I ended up using the solution from a comment of @wvxvw and props goes to him.

I decided to create a function like so

def get_test():
    test = ['1','2','3','4']
    return test

def function(condition):

    if condition == 'condition1':
        print('No problem here')

    if condition == 'condition2':
        test = get_test()
        print(test)

    if condition == 'condition3':
        test= get_test()

The other answers were great, but I don't always agree that choosing not to optimize your code is the best way of doing things. Maybe I'm wrong and this is personal, but the code shown above seems to me as optimize, readable and maintainable. Especially for cases where function would be call thousands of times.

EDIT

I did some timing to confirm answers.
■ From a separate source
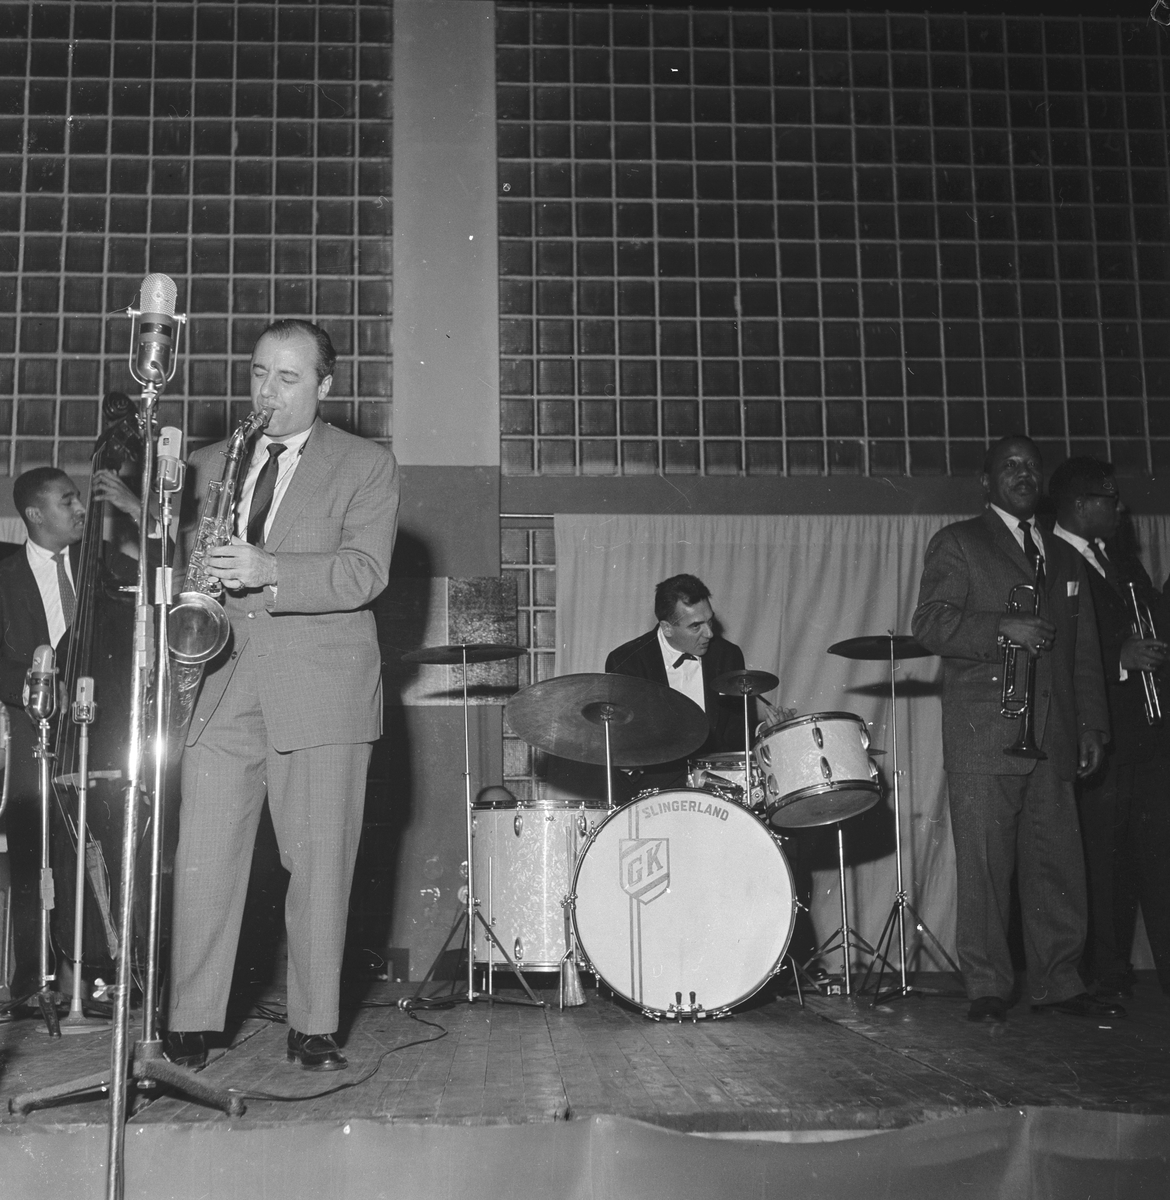 Fra jazzkonsert i Nordstrandhallen. Jazz at the Philharmonic. Fotografert 20. februar 1956.

Here is an example of code used, this is for what I call Case1

import time

def function(condition):
    test = ['1','2','3','4']
    if condition == 'condition1':
       pass

    if condition == 'condition2':
       pass

    if condition == 'condition3':
       pass

start_time = time.time()
num_iterations = 10000
for i in range(num_iterations):
    function('condition1')
    function('condition2')
    function('condition3')

print("Case1 for %d iterations" %(num_iterations))    
print("--- %s seconds ---" % (time.time() - start_time))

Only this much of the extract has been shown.